* **Problem details**
Copy out the data in full and exactly, passing over the pictures.

* **Available data**
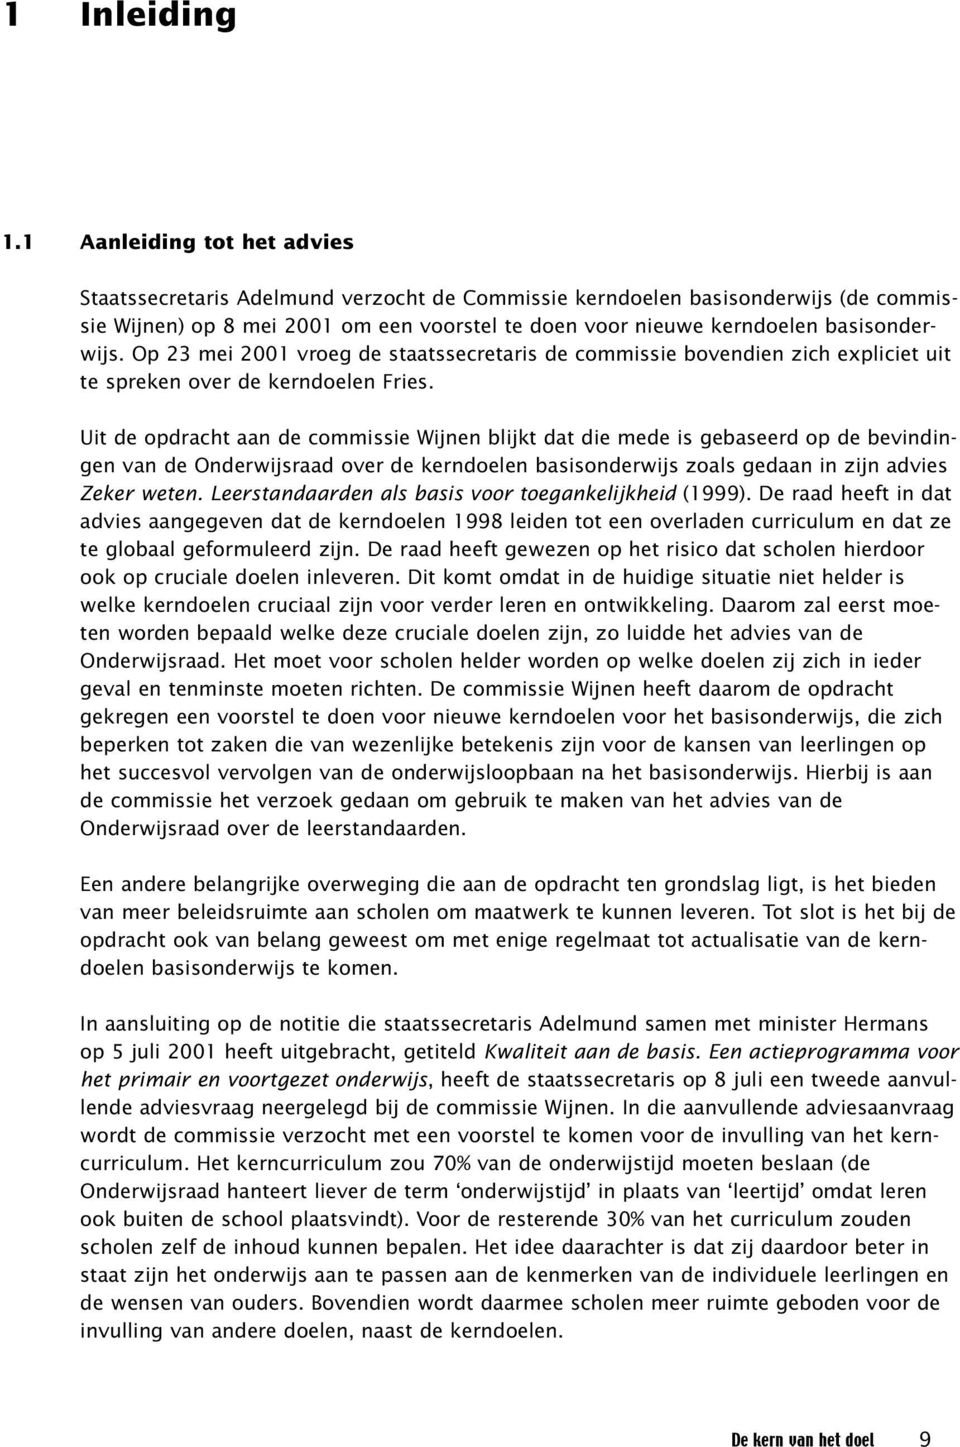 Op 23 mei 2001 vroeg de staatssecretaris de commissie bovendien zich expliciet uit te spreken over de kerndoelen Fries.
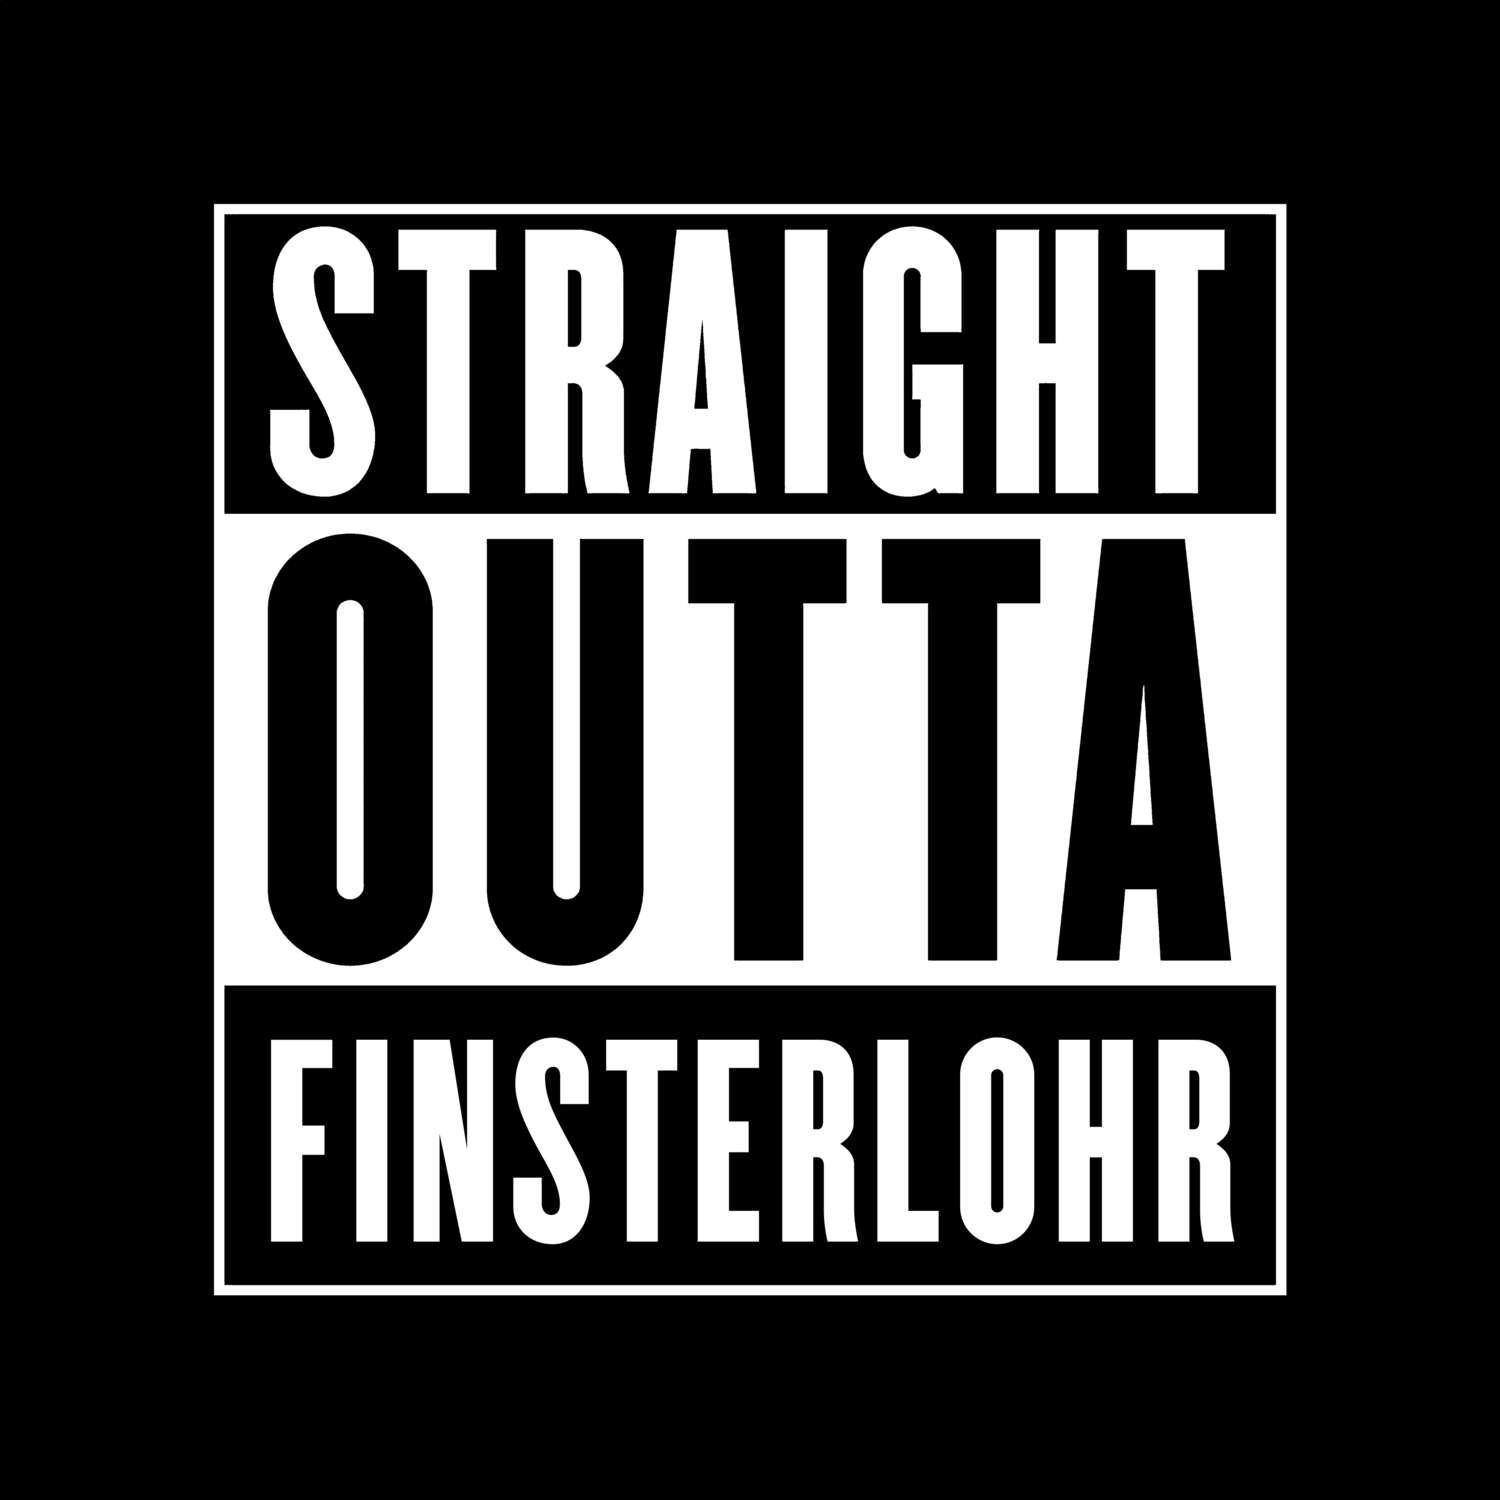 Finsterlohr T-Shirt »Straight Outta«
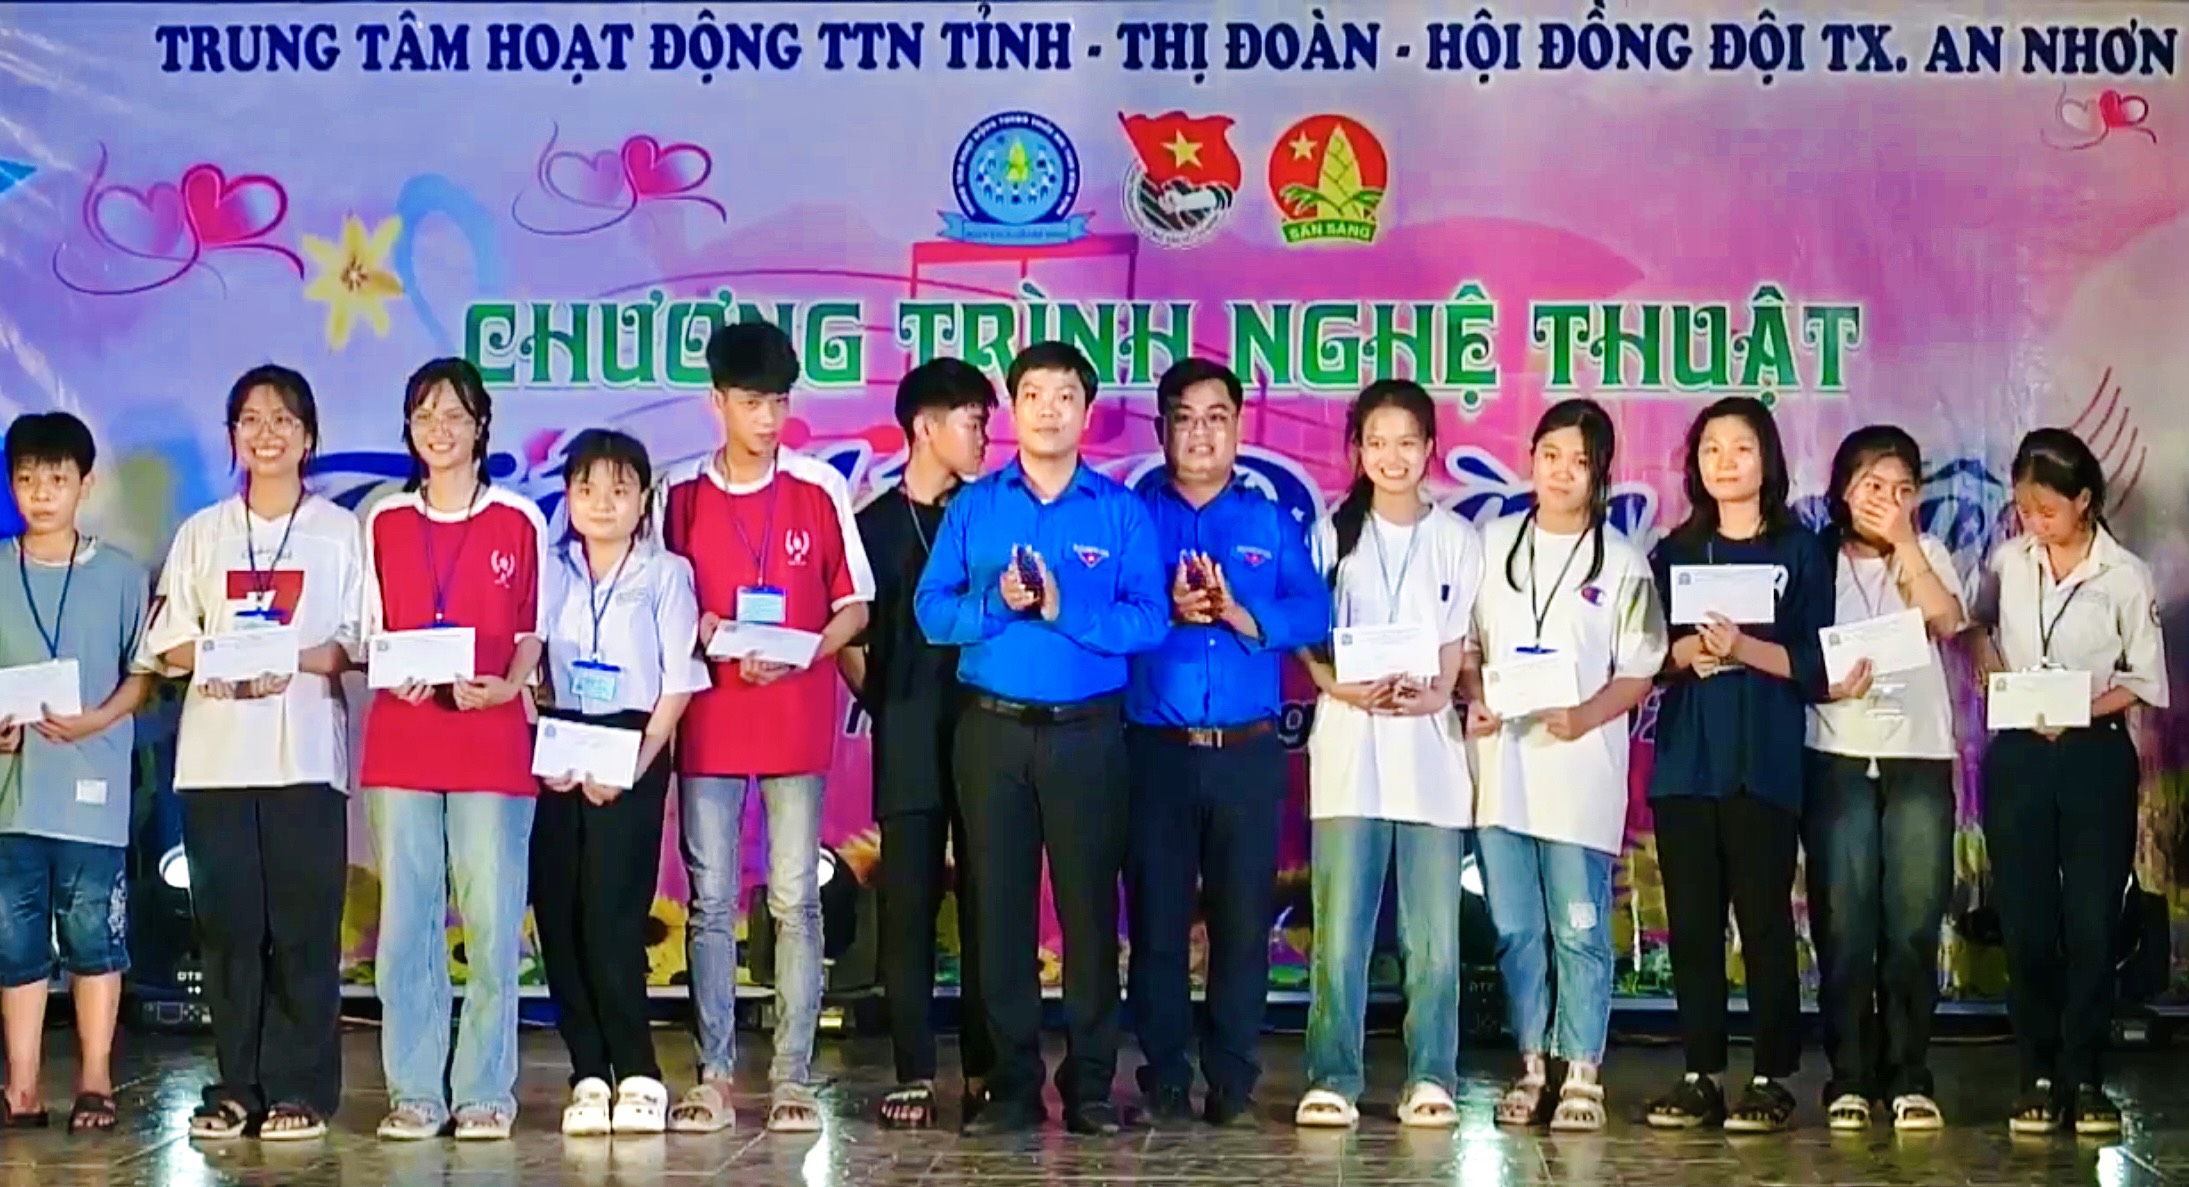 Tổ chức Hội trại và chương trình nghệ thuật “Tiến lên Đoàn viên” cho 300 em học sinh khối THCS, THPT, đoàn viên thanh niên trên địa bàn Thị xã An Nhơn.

* **Answer to this exercise**
 Op 23 mei 2001 vroeg de staatssecretaris de commissie bovendien zich expliciet uit te spreken over de kerndoelen Fries.
 Finsterlohr T-Shirt »Straight Outta«
 Tổ chức Hội trại và chương trình nghệ thuật “Tiến lên Đoàn viên” cho 300 em học sinh khối THCS, THPT, đoàn viên thanh niên trên địa bàn Thị xã An Nhơn.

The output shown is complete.